(Records excerpted from a collection)
☆ ☆ ☆ ☆ ☆ ☆ ☆

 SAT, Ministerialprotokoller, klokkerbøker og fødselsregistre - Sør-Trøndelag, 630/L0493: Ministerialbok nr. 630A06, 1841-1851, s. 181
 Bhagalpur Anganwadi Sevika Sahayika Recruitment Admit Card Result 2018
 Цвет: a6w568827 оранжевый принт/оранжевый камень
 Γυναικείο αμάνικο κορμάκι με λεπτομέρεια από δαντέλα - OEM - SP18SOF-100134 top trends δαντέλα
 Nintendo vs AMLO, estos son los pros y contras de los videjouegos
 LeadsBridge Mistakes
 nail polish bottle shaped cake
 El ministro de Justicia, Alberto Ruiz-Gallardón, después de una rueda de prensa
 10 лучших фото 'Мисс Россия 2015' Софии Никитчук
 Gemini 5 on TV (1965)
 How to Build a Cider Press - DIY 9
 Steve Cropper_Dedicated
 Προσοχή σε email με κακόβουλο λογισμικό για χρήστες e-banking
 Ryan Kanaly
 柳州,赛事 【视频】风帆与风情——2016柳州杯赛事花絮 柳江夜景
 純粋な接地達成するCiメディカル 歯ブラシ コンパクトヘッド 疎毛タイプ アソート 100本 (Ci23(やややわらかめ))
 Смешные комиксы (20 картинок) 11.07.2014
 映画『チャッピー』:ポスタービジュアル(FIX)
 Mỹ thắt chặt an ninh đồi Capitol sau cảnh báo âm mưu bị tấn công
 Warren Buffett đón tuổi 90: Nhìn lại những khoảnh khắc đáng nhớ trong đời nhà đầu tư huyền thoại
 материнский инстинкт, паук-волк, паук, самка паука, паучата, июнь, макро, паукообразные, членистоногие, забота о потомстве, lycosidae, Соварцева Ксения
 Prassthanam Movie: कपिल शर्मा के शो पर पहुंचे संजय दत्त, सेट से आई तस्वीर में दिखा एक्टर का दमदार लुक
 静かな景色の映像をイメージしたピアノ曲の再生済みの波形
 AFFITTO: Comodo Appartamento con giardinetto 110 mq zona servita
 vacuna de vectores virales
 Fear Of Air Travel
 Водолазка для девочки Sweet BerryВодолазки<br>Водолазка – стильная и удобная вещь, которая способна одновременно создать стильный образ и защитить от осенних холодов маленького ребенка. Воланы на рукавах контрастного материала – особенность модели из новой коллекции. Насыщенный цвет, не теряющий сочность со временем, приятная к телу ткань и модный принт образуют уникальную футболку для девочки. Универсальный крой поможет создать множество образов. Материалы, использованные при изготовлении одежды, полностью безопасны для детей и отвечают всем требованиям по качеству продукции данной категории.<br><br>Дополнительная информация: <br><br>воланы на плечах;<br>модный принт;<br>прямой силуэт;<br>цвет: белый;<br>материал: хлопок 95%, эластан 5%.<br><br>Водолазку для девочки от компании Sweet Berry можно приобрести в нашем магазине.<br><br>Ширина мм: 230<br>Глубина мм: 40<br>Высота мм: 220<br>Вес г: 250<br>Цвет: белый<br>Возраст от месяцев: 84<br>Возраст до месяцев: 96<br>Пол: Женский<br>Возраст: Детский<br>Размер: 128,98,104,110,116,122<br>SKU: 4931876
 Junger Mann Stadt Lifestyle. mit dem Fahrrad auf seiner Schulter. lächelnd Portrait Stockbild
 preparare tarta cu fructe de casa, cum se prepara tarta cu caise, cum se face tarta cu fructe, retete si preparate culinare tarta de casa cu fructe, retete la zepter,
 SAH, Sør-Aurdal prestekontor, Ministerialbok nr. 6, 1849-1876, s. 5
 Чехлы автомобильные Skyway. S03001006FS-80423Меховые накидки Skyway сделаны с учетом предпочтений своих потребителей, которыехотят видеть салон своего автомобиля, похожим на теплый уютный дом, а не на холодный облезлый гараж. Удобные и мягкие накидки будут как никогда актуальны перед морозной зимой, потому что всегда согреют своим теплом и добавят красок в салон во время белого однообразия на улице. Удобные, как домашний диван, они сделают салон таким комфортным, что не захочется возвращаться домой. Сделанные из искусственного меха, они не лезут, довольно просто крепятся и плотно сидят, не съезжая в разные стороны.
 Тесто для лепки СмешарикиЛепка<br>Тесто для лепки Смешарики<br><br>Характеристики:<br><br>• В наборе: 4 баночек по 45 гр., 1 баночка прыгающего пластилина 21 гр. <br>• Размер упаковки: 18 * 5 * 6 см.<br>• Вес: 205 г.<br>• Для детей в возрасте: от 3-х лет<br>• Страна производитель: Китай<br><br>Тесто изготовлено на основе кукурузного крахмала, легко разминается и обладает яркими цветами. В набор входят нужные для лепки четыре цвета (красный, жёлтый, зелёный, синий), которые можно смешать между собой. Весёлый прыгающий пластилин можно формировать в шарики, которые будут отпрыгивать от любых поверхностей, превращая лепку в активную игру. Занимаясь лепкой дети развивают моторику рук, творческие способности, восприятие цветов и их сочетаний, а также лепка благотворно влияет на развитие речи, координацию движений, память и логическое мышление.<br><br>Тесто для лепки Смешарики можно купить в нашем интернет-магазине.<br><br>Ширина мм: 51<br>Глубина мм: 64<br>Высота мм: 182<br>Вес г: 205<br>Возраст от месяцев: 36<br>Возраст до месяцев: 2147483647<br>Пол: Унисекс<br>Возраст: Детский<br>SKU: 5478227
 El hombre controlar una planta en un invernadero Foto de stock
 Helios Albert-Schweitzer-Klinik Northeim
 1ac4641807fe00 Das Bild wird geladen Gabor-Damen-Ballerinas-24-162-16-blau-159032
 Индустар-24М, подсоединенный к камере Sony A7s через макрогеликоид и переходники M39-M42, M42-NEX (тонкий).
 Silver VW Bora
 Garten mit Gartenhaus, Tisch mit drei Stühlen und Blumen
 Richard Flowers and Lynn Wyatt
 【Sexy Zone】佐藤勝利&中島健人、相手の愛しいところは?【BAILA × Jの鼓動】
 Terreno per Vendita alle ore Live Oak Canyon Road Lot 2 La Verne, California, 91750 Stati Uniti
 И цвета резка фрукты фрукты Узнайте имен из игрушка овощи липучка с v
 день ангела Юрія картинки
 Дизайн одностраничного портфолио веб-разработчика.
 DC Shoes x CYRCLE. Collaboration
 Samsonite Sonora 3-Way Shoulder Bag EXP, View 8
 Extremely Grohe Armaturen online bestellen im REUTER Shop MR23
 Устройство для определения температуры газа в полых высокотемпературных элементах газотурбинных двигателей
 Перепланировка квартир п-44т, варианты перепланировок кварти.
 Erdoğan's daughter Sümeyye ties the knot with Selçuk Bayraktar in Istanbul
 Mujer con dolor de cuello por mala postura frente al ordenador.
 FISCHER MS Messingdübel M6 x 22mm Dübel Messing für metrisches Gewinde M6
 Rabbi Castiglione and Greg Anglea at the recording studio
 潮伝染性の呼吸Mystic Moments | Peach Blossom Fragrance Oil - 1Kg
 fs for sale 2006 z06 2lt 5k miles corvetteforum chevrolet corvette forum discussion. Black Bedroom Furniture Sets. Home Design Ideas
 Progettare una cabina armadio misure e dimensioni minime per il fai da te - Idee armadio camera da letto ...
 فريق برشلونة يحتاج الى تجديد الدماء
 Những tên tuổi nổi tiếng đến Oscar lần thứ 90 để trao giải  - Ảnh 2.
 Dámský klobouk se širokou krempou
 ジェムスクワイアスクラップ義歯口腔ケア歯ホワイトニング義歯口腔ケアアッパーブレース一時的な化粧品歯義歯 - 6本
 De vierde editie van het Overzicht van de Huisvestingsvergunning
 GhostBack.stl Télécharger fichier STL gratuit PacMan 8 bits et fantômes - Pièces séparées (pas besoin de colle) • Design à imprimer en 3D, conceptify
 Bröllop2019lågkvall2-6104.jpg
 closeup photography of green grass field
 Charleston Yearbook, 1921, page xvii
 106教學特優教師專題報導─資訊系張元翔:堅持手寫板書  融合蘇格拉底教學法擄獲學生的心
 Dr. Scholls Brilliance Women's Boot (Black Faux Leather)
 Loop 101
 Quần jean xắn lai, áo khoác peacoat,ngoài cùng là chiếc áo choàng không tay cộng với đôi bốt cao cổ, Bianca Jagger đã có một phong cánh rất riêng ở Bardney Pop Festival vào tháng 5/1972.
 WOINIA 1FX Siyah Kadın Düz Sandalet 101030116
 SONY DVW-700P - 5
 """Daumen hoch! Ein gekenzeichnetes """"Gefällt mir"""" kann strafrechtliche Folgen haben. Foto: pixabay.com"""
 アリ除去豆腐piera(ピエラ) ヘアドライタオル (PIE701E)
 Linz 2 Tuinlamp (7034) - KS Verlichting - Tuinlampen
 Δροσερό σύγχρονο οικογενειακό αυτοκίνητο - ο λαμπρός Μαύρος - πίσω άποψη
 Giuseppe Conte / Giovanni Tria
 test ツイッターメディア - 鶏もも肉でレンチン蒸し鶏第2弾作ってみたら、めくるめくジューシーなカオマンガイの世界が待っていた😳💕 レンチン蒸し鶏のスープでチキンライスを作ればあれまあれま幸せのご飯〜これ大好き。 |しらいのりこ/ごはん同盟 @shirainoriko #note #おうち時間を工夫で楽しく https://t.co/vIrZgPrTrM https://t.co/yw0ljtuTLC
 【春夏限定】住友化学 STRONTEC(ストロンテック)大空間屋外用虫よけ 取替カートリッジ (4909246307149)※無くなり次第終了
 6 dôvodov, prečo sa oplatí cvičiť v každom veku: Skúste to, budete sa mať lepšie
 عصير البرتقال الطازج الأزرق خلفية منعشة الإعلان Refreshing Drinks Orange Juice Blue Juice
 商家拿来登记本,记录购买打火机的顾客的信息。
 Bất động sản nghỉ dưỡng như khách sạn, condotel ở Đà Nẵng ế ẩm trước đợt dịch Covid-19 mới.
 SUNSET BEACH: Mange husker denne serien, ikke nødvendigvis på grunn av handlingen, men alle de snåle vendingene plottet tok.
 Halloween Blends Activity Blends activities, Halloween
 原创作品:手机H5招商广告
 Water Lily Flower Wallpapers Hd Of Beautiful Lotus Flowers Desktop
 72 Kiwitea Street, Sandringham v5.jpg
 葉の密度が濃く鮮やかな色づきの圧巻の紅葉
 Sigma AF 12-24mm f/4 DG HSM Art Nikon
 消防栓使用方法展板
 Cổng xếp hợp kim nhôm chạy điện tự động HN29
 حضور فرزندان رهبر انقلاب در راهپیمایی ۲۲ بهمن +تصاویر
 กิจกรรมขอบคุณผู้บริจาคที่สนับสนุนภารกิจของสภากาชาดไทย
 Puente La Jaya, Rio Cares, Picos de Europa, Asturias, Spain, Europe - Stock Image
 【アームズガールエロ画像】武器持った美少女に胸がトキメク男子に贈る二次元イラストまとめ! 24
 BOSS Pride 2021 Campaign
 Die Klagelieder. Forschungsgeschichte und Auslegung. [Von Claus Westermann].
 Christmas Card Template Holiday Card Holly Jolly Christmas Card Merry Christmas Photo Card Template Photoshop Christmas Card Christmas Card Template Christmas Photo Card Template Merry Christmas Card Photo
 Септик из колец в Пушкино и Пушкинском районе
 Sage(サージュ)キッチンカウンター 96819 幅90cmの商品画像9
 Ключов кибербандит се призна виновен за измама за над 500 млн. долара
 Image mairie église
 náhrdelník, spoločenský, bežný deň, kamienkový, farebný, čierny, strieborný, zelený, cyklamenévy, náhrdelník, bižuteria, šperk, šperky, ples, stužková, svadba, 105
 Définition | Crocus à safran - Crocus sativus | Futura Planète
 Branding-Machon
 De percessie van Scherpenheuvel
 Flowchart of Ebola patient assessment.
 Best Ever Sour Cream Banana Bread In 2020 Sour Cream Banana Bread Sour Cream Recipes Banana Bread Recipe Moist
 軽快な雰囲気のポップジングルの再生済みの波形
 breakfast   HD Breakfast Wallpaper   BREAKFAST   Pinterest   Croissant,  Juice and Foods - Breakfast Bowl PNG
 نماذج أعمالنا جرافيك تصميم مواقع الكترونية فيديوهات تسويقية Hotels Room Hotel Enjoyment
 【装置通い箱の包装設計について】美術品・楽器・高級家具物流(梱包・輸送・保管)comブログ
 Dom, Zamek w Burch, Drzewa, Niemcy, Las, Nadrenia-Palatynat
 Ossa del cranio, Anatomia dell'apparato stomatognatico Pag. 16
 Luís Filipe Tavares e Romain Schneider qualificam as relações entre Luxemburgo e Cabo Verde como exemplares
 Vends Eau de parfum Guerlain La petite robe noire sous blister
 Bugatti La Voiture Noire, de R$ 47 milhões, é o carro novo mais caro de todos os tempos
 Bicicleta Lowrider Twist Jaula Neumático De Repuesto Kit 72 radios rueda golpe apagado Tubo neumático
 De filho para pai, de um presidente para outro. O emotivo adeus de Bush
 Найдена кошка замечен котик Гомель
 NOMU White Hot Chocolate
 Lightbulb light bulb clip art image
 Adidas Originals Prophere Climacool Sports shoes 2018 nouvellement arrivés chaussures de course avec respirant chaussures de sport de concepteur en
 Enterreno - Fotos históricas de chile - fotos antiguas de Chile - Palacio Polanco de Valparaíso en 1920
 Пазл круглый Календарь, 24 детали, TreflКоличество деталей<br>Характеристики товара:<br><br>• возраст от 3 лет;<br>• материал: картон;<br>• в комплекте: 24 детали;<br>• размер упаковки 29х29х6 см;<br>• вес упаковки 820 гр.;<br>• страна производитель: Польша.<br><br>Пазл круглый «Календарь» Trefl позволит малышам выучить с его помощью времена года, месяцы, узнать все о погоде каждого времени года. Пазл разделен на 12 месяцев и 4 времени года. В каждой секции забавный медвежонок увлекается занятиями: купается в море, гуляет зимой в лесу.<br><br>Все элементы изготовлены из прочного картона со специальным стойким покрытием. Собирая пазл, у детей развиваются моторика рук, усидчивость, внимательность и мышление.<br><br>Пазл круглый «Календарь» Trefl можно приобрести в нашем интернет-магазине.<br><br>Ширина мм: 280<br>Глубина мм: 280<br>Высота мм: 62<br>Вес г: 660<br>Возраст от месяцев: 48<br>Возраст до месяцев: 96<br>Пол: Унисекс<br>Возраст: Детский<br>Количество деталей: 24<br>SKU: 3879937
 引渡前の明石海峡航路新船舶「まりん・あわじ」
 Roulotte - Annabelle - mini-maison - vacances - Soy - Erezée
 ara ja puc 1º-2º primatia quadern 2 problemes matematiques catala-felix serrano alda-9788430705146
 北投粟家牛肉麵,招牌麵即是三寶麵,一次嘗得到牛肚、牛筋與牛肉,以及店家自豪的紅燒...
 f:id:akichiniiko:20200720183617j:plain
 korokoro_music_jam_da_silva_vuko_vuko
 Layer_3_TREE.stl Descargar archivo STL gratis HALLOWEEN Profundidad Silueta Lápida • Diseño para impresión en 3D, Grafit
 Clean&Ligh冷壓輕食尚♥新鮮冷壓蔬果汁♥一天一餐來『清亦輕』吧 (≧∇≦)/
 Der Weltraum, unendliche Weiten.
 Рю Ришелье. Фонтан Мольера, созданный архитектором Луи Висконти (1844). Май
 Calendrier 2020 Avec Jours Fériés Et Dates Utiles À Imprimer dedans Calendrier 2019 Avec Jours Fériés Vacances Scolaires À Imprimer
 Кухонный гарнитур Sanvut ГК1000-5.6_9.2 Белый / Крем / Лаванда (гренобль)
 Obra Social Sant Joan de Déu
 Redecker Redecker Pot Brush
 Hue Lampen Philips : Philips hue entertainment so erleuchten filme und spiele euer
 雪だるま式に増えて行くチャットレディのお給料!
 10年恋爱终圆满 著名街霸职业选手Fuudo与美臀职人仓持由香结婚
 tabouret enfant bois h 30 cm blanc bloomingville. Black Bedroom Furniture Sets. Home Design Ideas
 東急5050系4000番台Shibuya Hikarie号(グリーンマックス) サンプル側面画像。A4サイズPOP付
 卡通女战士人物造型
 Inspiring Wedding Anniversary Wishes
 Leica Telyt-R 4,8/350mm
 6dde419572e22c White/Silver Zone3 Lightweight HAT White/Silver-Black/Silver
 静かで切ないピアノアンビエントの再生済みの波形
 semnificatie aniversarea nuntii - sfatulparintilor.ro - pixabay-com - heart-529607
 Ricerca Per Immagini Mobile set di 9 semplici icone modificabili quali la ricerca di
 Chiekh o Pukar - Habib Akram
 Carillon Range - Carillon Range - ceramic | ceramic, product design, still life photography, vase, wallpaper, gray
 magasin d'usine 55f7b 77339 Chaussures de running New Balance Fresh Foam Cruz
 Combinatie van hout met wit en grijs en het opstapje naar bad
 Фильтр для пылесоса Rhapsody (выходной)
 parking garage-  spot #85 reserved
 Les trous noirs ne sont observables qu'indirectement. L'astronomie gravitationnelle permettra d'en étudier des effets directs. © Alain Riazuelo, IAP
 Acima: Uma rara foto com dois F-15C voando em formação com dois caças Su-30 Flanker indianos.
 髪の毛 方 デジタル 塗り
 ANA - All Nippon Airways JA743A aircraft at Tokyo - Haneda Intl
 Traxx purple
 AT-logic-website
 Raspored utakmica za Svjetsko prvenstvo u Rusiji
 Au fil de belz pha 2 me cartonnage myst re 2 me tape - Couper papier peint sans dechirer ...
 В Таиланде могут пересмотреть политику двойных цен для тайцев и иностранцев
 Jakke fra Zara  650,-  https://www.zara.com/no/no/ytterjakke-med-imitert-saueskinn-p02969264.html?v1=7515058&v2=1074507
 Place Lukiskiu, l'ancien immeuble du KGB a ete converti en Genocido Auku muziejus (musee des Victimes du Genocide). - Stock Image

☆ ☆ ☆ ☆ ☆ ☆ ☆

Your objective: Copy word for word the stretch of entries above from the line that has "Bất động sản" through the line that has "葉の密度が濃く鮮やかな色づきの圧巻の紅葉", both ends included, and nothing outside it.

Solution:
 Bất động sản nghỉ dưỡng như khách sạn, condotel ở Đà Nẵng ế ẩm trước đợt dịch Covid-19 mới.
 SUNSET BEACH: Mange husker denne serien, ikke nødvendigvis på grunn av handlingen, men alle de snåle vendingene plottet tok.
 Halloween Blends Activity Blends activities, Halloween
 原创作品:手机H5招商广告
 Water Lily Flower Wallpapers Hd Of Beautiful Lotus Flowers Desktop
 72 Kiwitea Street, Sandringham v5.jpg
 葉の密度が濃く鮮やかな色づきの圧巻の紅葉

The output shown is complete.